# WORK ITEM:
Every line of the data below should be repeated exactly, and no picture should be copied.

# GIVEN INFORMATION:
*** Begin section ***

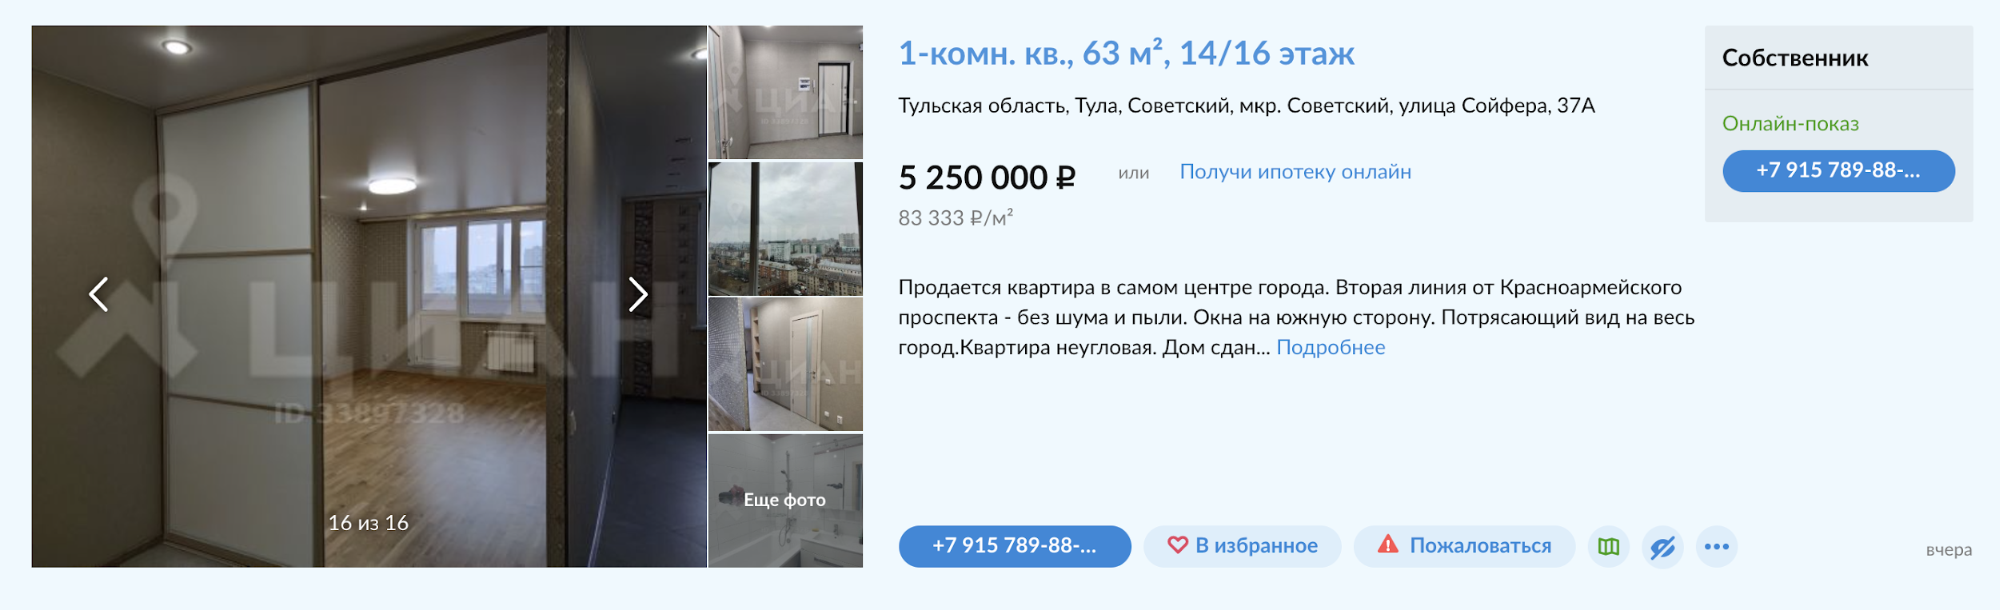 Однушка близко к центру в относительно новом доме на высоком этаже — 5 млн рублей
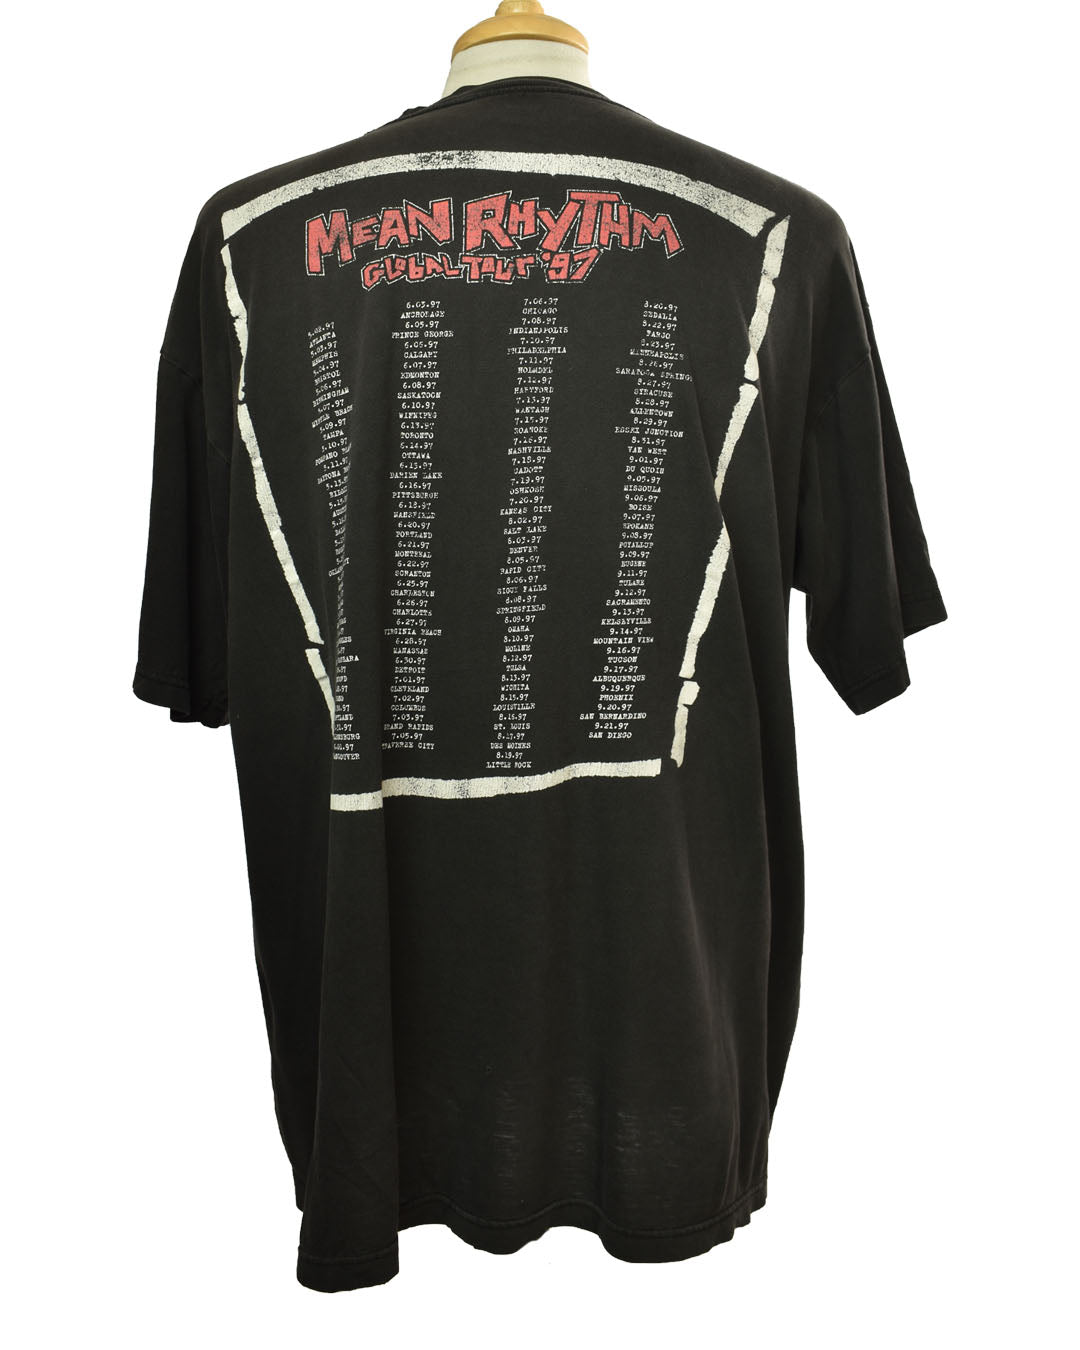 Vintage 1997 ZZ Top Mean Rhythm Global Tour T-shirt Size XL
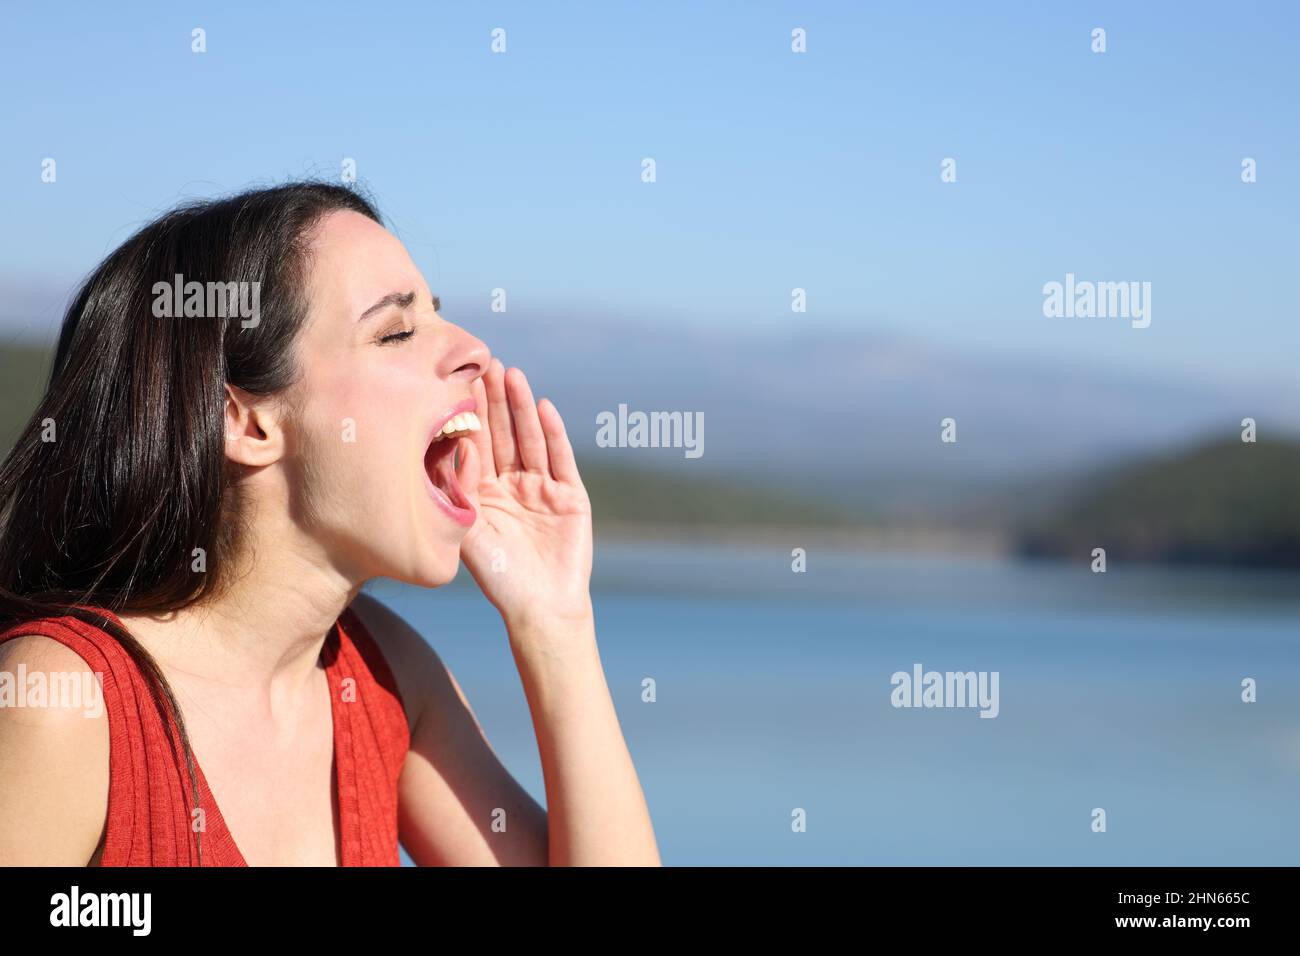 Vue latérale portrait d'une femme criant à haute voix dans un lac Banque D'Images

*** End section ***

# OUTPUT FOR THIS TASK:
 Однушка близко к центру в относительно новом доме на высоком этаже — 5 млн рублей
 Vintage 1997 ZZ Top Mean Rhythm Global Tour T-shirt Size XL
 Vue latérale portrait d'une femme criant à haute voix dans un lac Banque D'Images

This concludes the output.